We seek robustly good paths
Our aim is to make good decisions. Since the future is unpredictable and full of unknown unknowns, and we’re uncertain about many things, we seek actions that will turn out to be good under many future scenarios.
Avoiding bias
We’re very aware of the potential for bias in our work, which often relies on difficult judgement calls, and have surveyed the literature on biases in career decisions. To avoid bias, we aim to make our research highly transparent, so that bias is easier to spot. We also aim to state our initial position, so that readers can see the direction in which we’re most likely to be biased, and write about why we might be wrong.
Seeking feedback
We see all of our work as in progress, and seek to improve it by continually seeking feedback.
We seek feedback through several channels:
- All research is vetted within the team.
- For major research, we’ll send it to external researchers and people with experience in the area for comments.
- We aim to publish all of our substantial research publicly on our blog.
- Blog posts are rated by a group of external raters.
In the future, we intend to carry out internal and external research evaluations.
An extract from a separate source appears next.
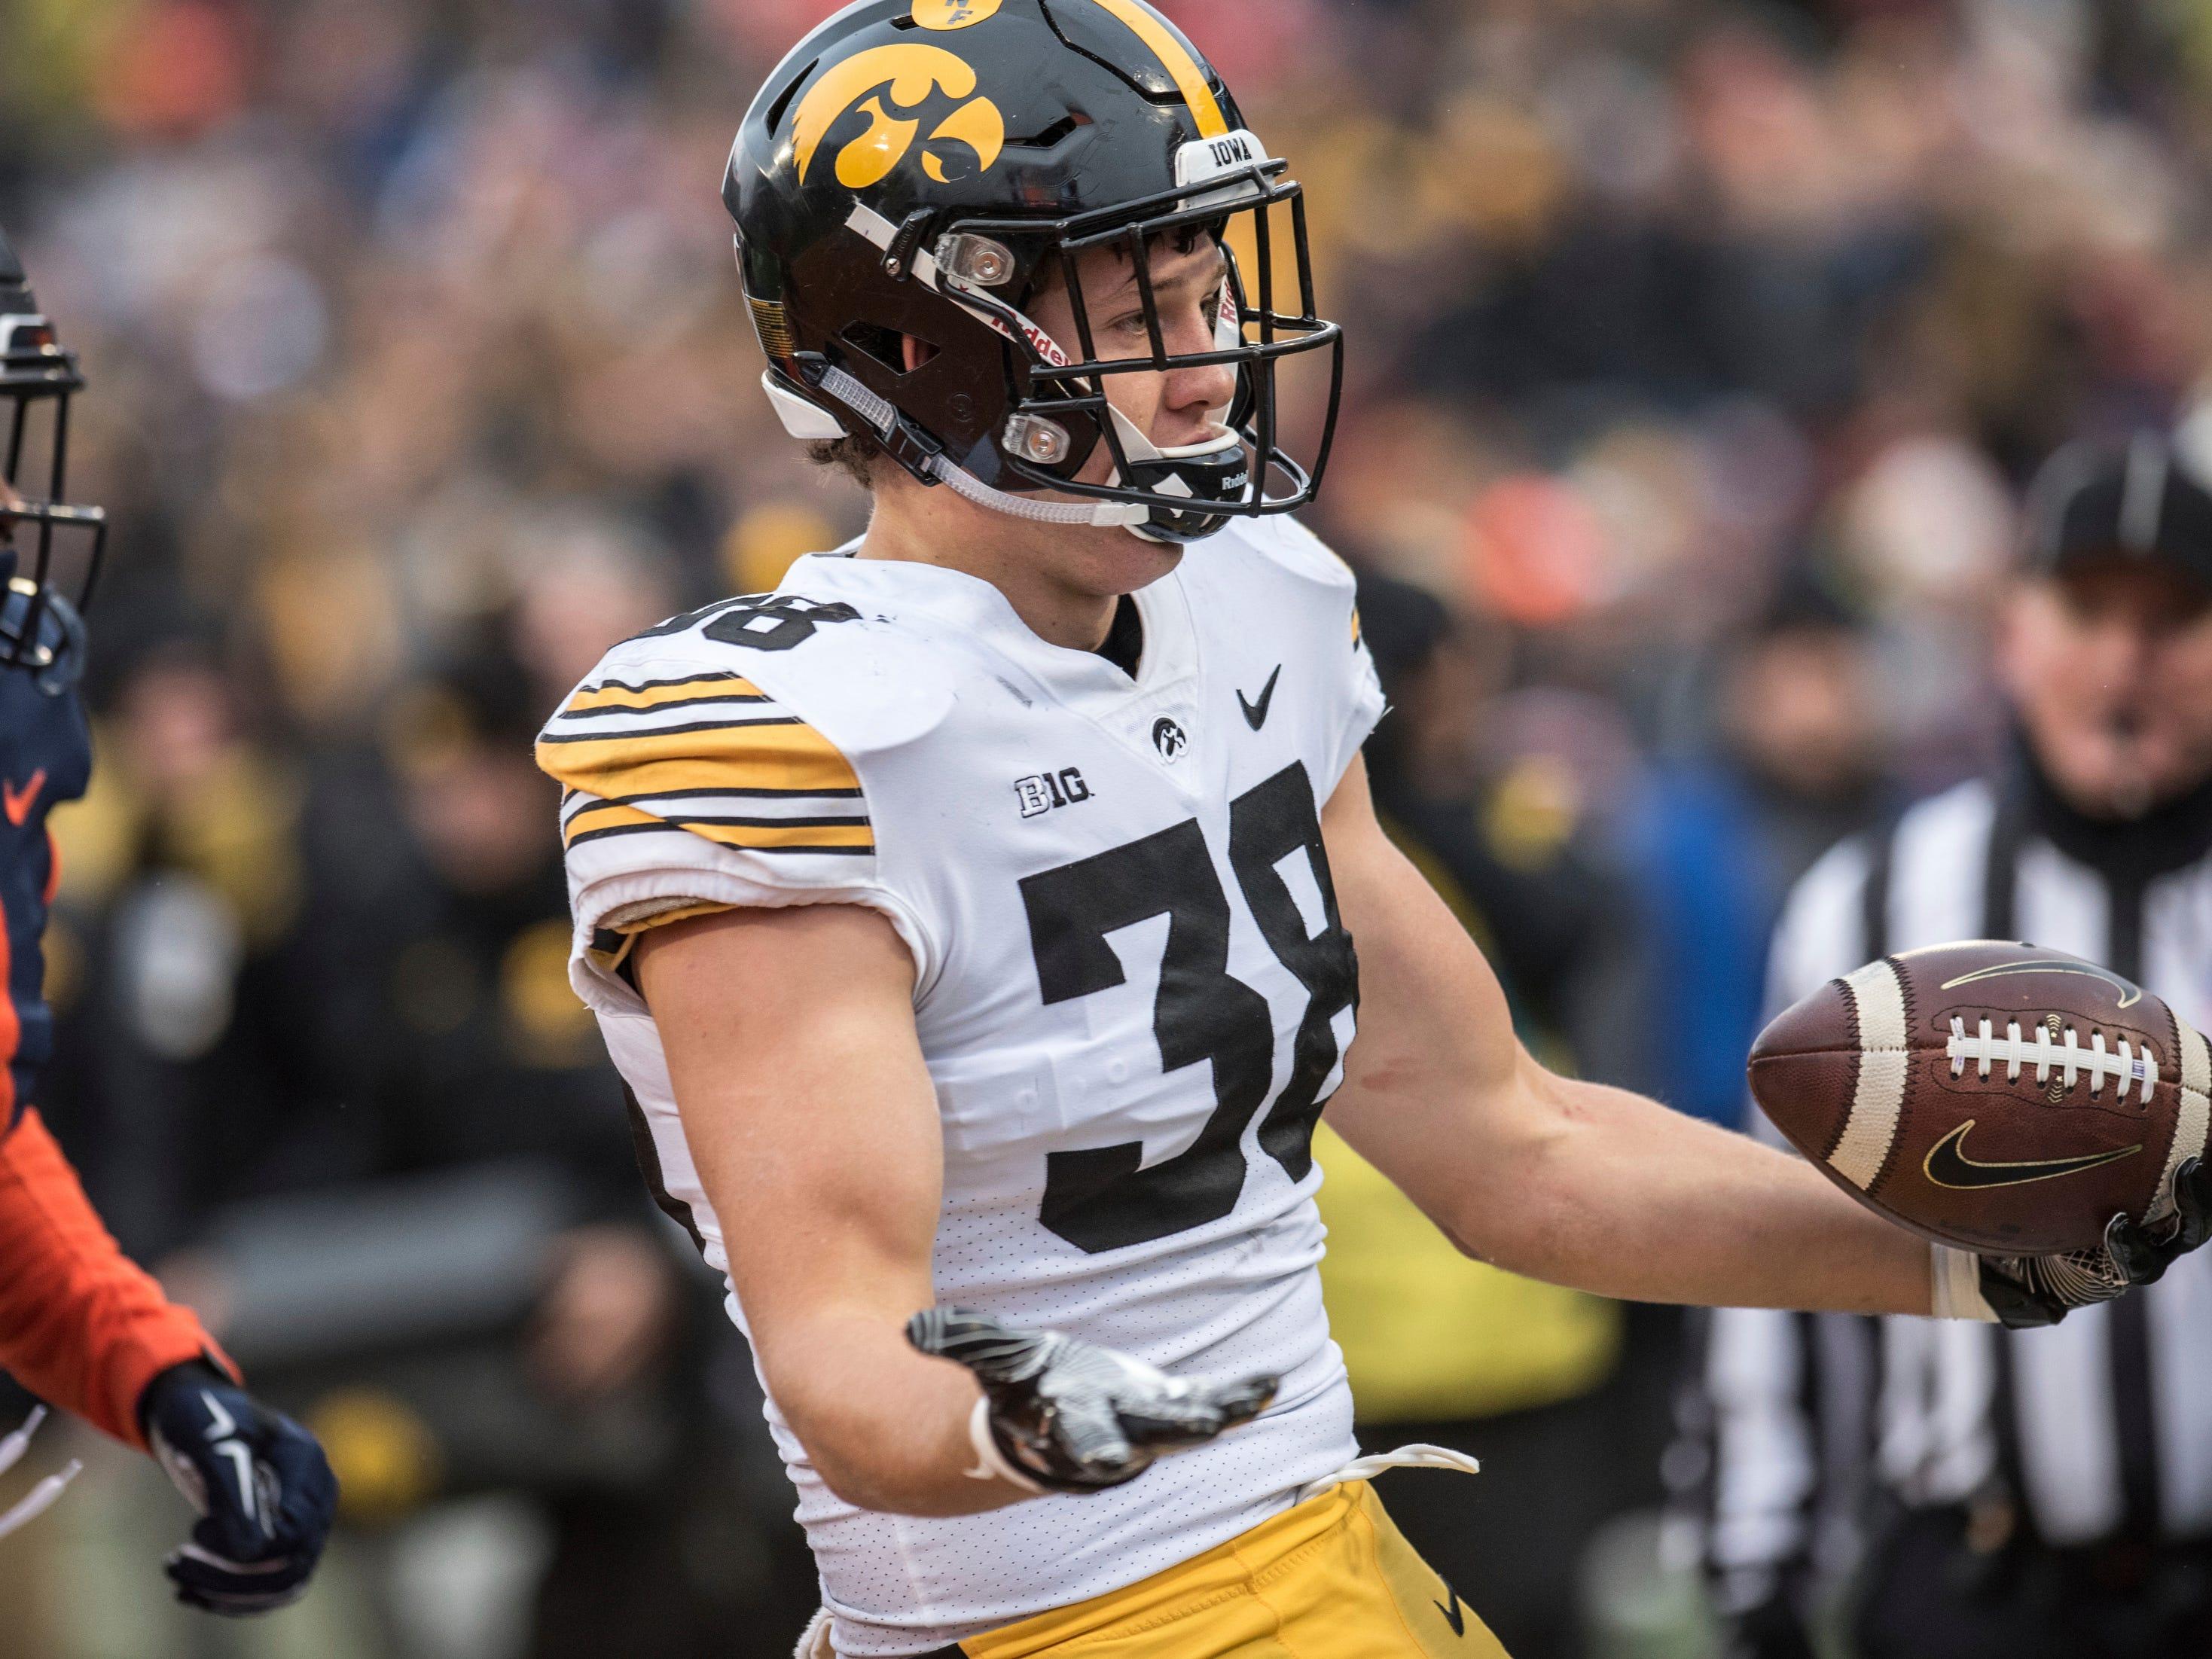 Iowa tight end T.J. Hockenson has a good chance at winning Mackey Award

We aim to make our substantial pieces of research easy to critique by:
- Clearly explaining our reasoning and evidence. If you see a claim that isn’t backed up by a link or citation, you can assume there’s no further justification.
- Flagging judgement calls.
- Giving an overview of our research process.
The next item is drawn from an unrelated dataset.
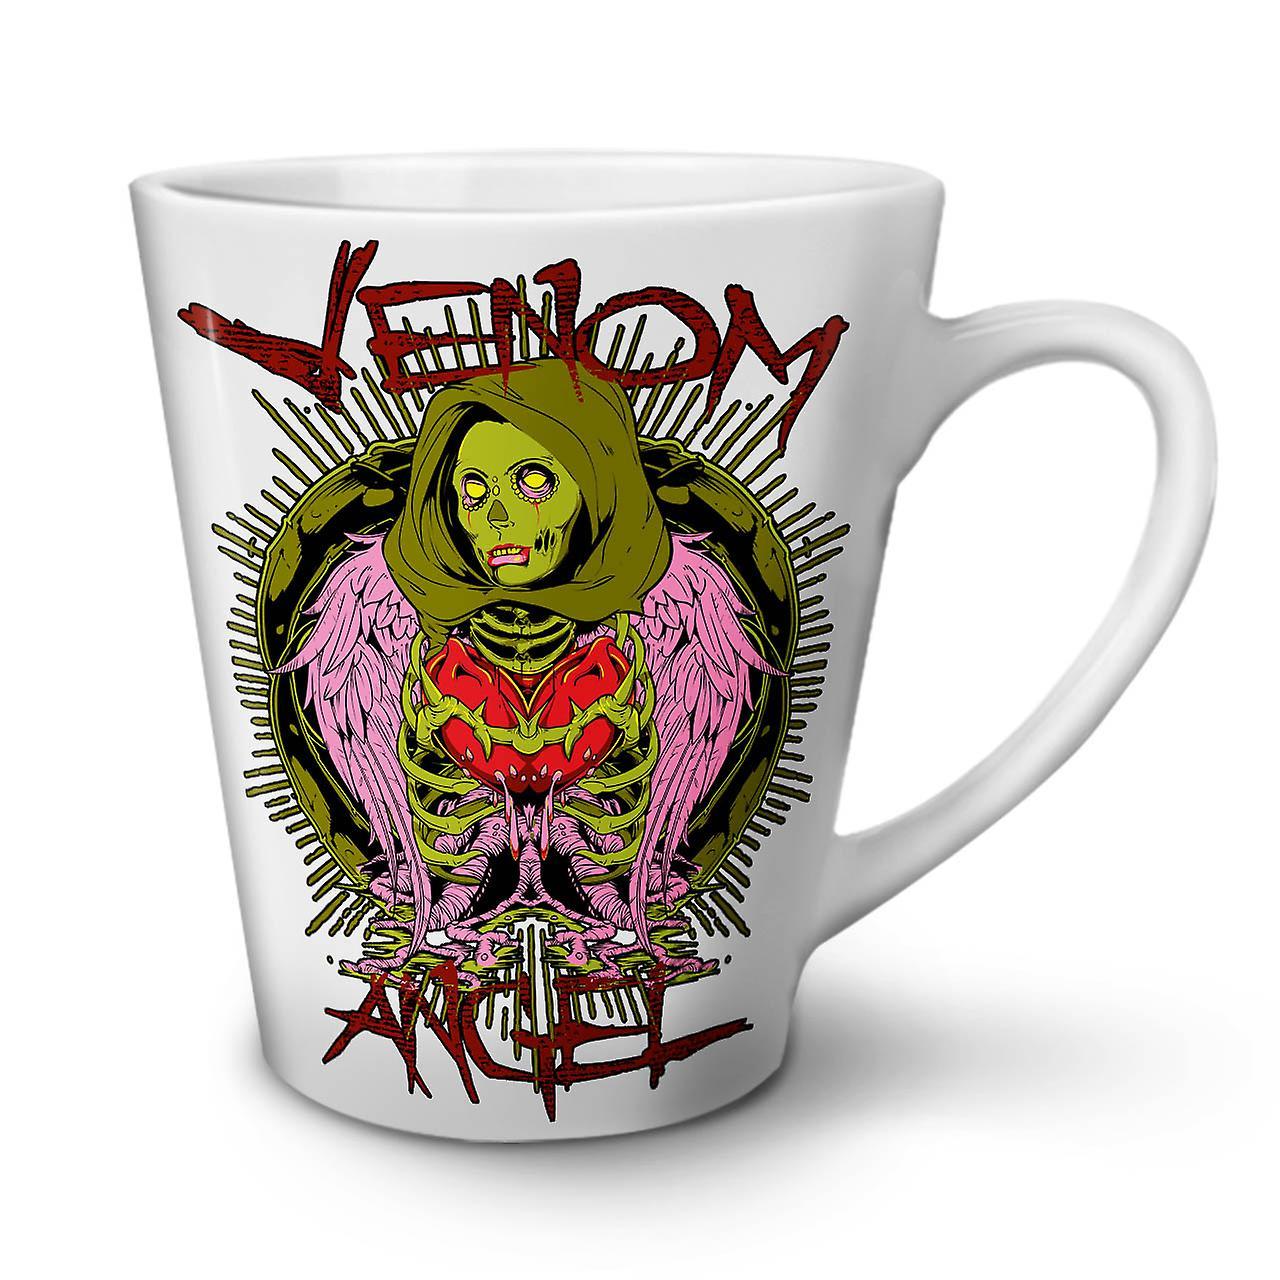 Heart Café Venin Latte Nouveau Angel OzWellcoda Thé 12 Mug En Blanc Céramique vw0nNm8

- Stating our key uncertainties.
- For instance, Nate Silver writes in Chapter 8 from The Signal in the Noise:
We may be undergoing a paradigm shift in the statistical methods that scientists are using. The critique I have made here about the flaws of Fisher’s statistical approach is neither novel nor radical: prominent scholars in fields ranging from clinical psychology to political science to ecology have made similar arguments for years. But so far there there has been little fundamental change. Recently, however, some well-respected statisticians have begin to argue that frequentist statistics should no longer be taught to undergraduates. And some professions have considering banning Fisher’s hypothesis test from their journals. In fact, if you read what’s been written in the past ten years, it’s hard to find anything that doesn’t advocate a Bayesian approach.
He cites: Jacob Cohen, “The Earth is Round (p>0.05), American Psychologist, 49, 12, (December 1994); Jeff Fill, “The Insignificance of the Null Hypothesis Significance Testing,” Political Research Quarterly, 52, 3, (September 1999); Anderson, Burnham & Thompson, “Null Hypothesis Testing: Problems, Prevalence, and an Alternative,” Journal of Wildlife Management, 64, 4, (2000); William Briggs, “It’s time to Stop Teaching Frequentism to Non-Statisticians”, arXiv.org, (January 13, 2012); David Krantz, “The Null Hypothesis Testing Controversy in Psychology,” Journal of the American Statistical Association, 44, no 488 (December 1999).